> _WHAT YOU ARE ASKED TO DO_: Every line below is to be set down again exactly; any image stays out.

> _RAW DATA_:
__________
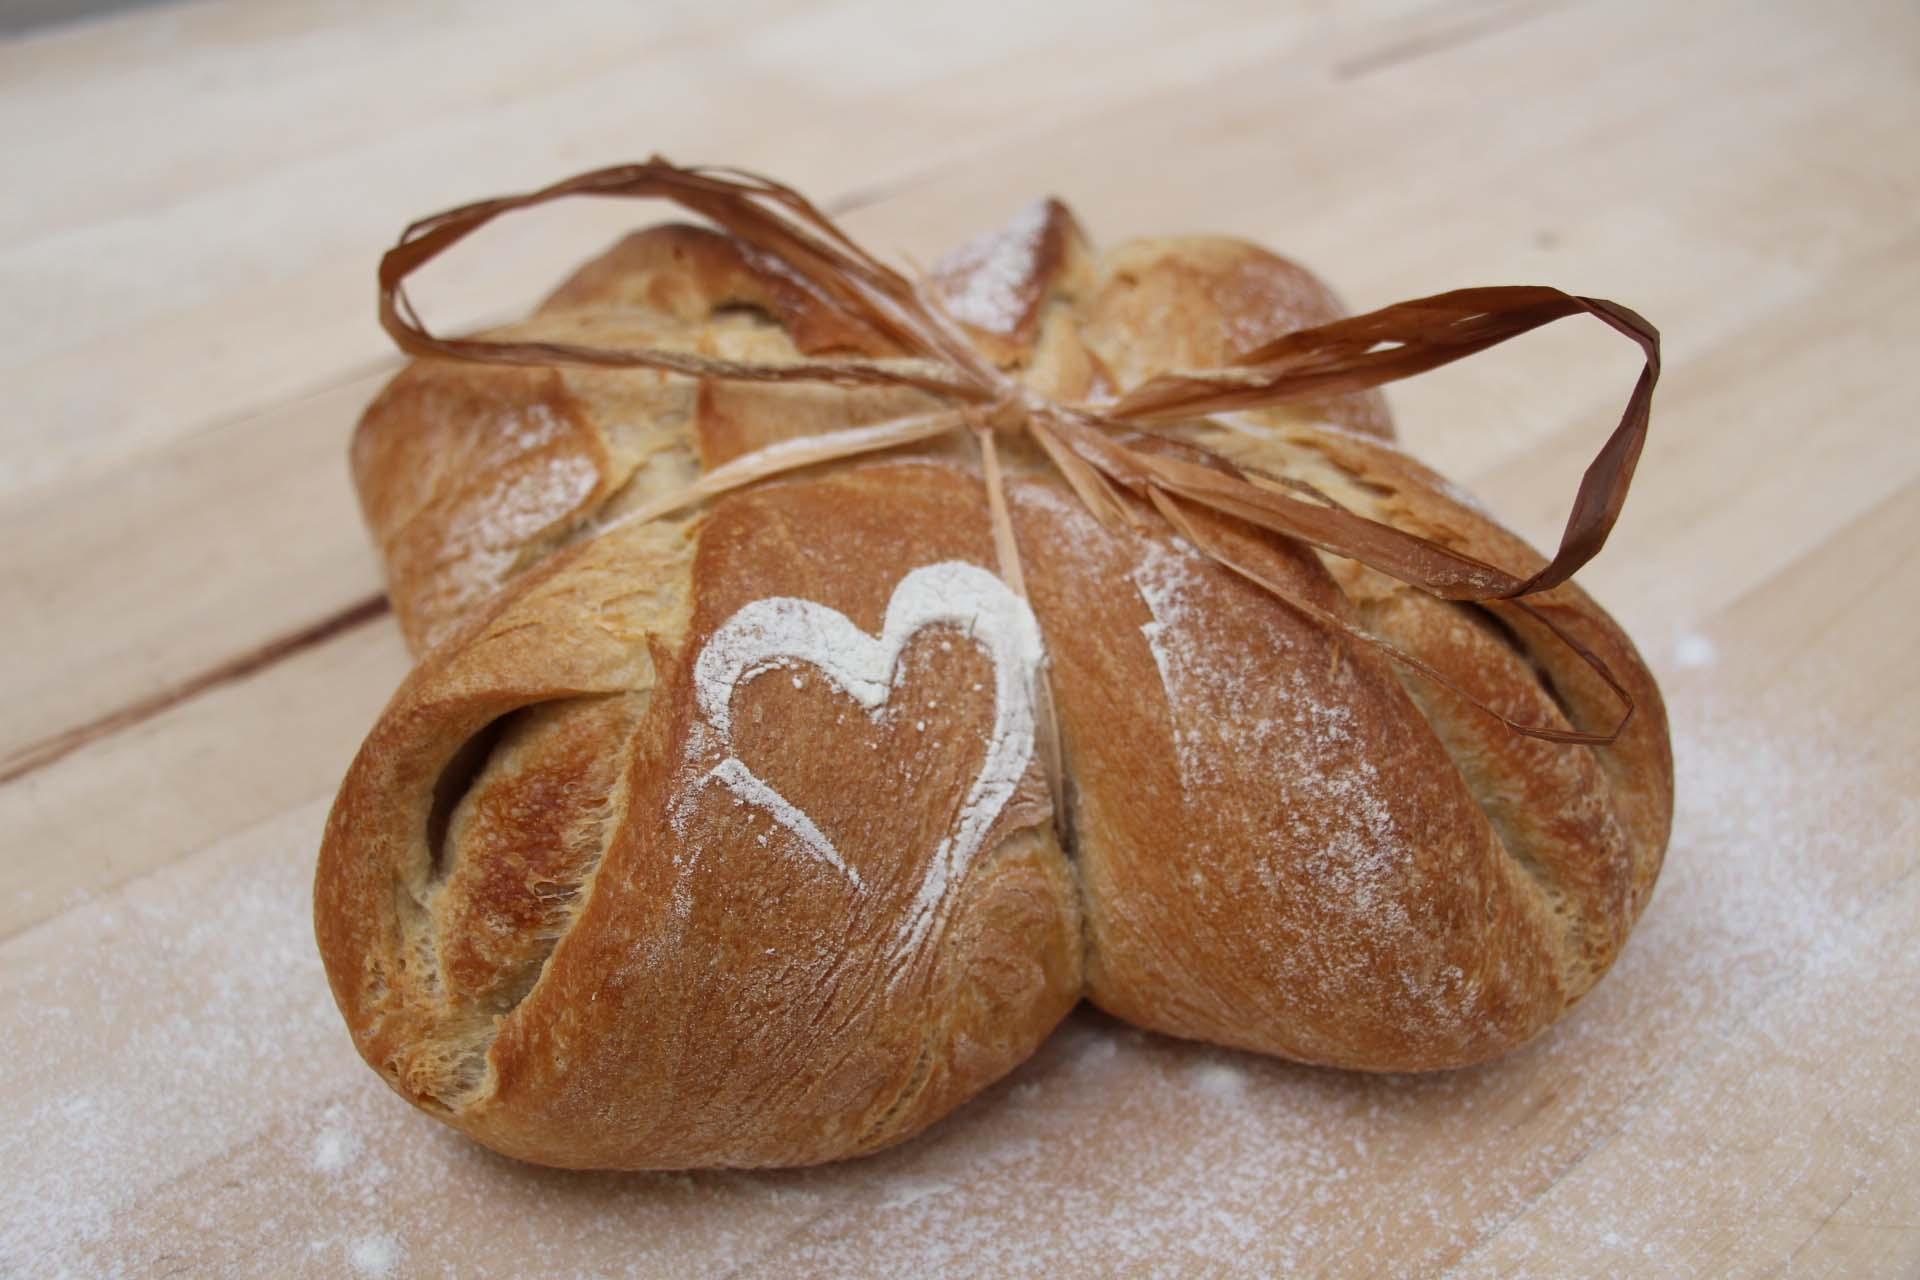 Brot mit Herz - www.akademie-weinheim.de - Bernd Siebold
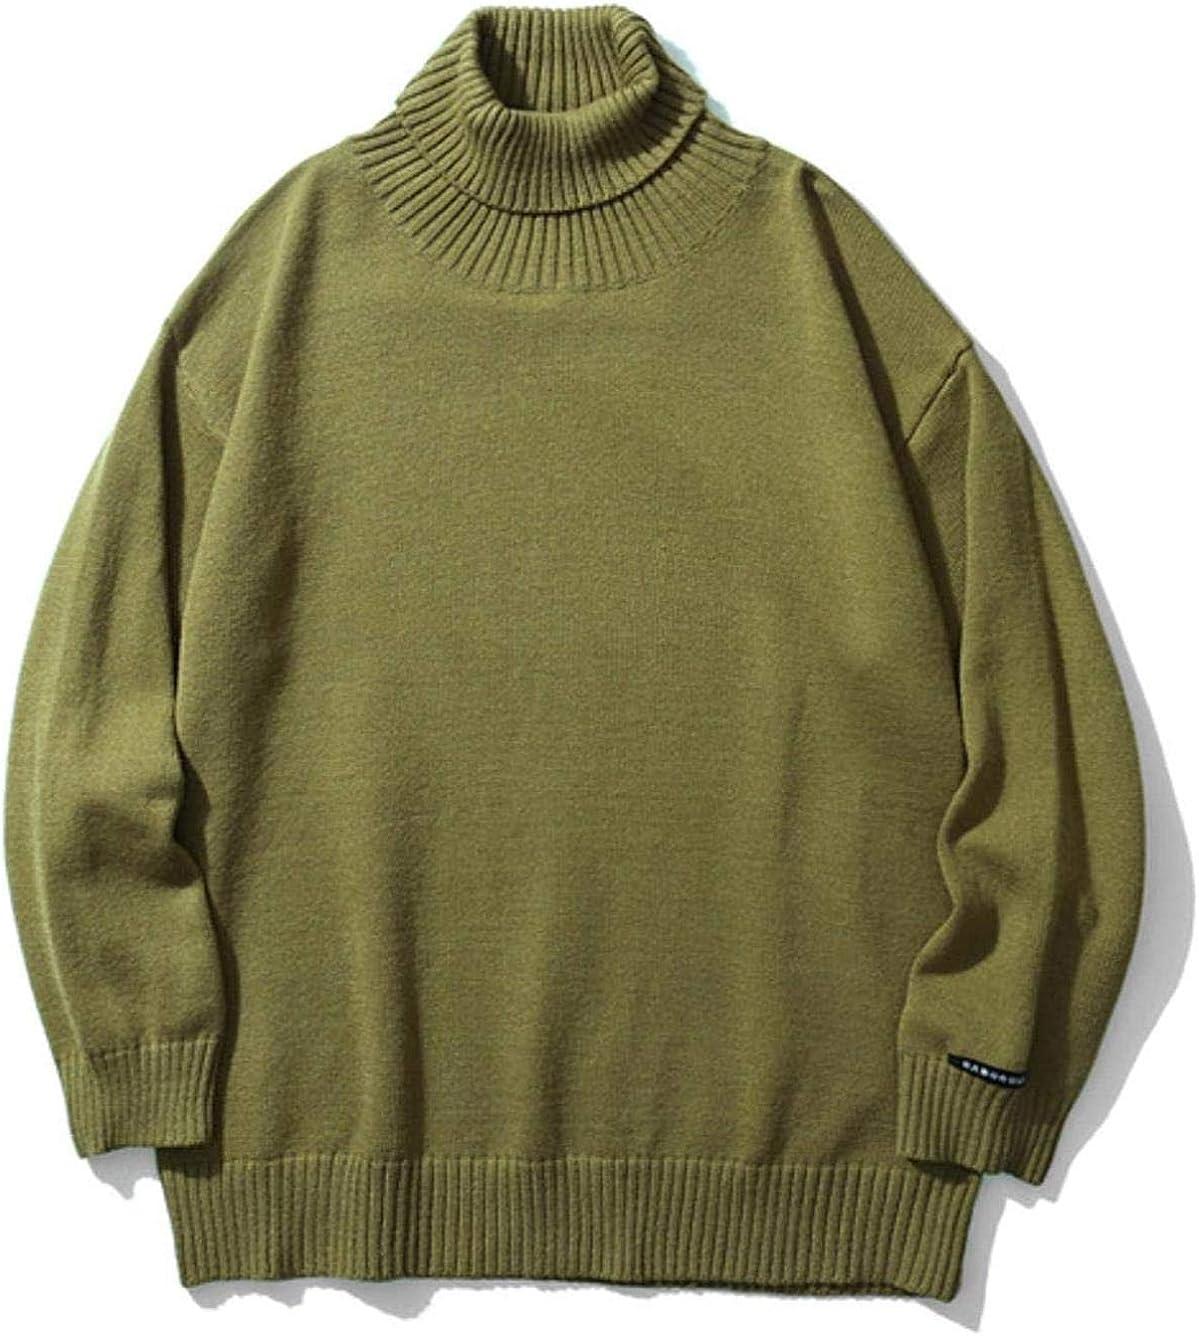 Knitted Pullover Turtleneck Men Sweater Soft Cashmere Wool High Neck Oversize Knitwear Jumper
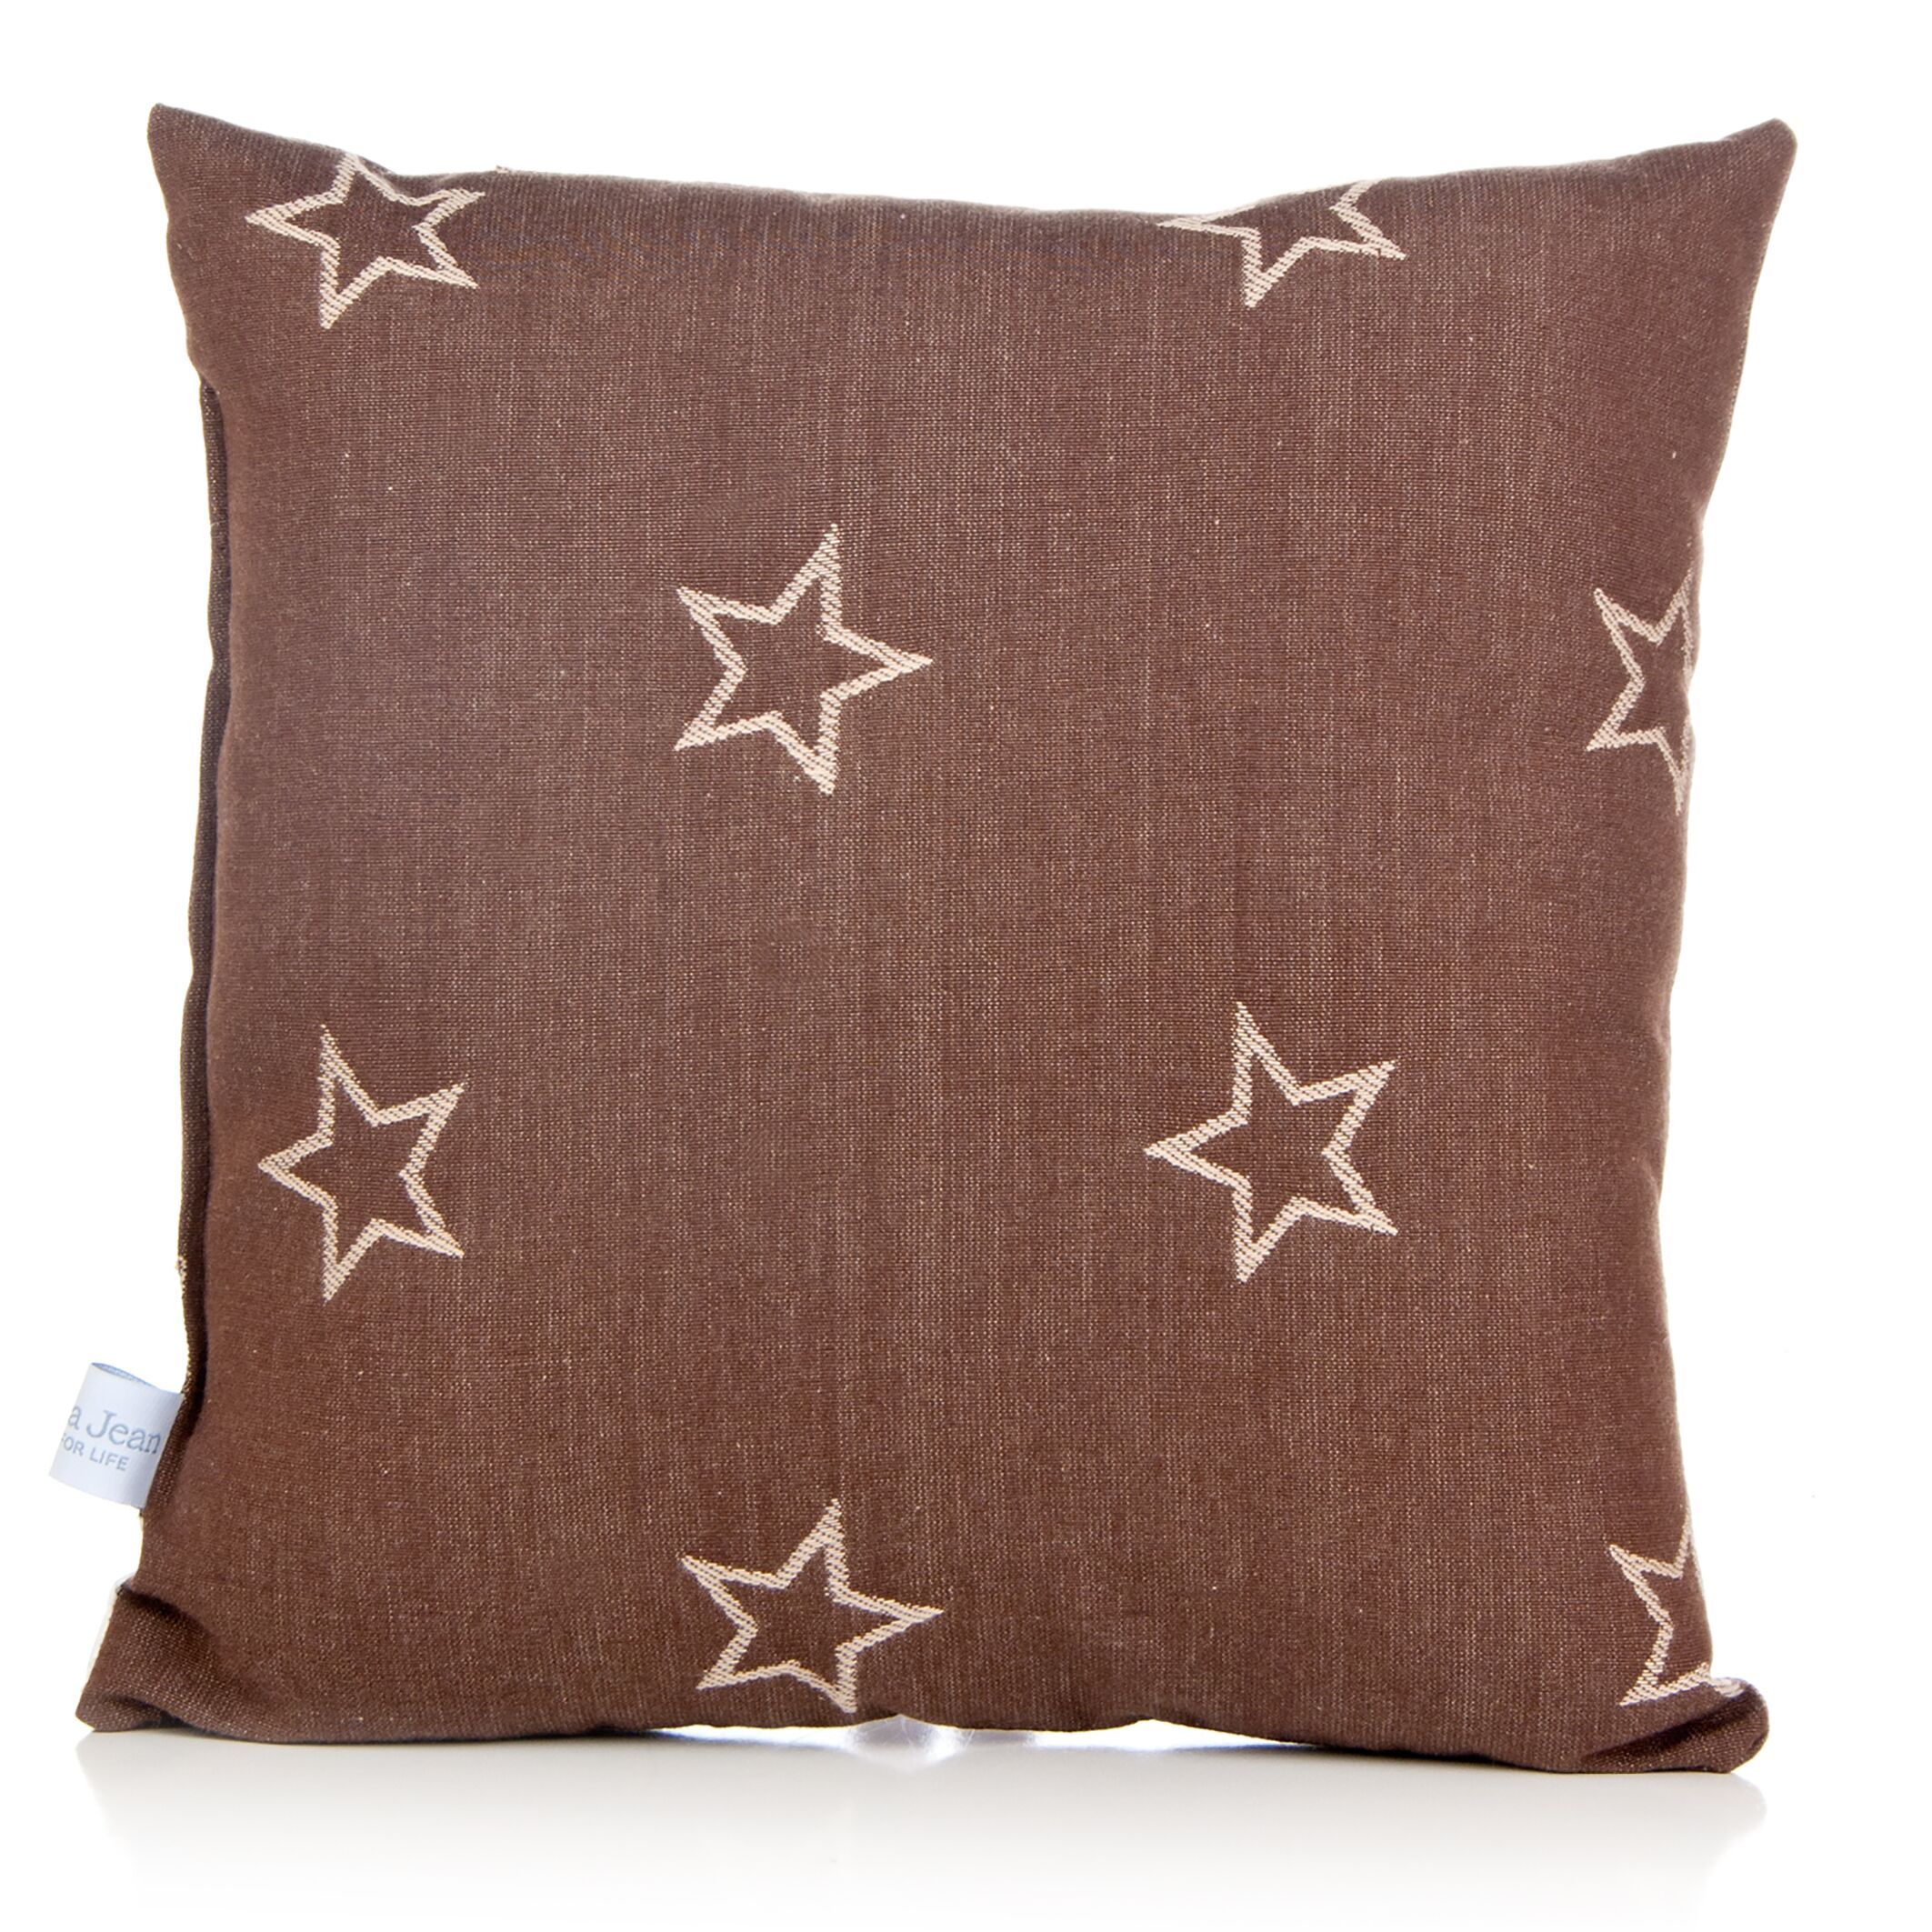 Dunecrest Denim Star Cotton Throw Pillow
__________
> _YOUR RESPONSE_:
 Brot mit Herz - www.akademie-weinheim.de - Bernd Siebold
 Knitted Pullover Turtleneck Men Sweater Soft Cashmere Wool High Neck Oversize Knitwear Jumper
 Dunecrest Denim Star Cotton Throw Pillow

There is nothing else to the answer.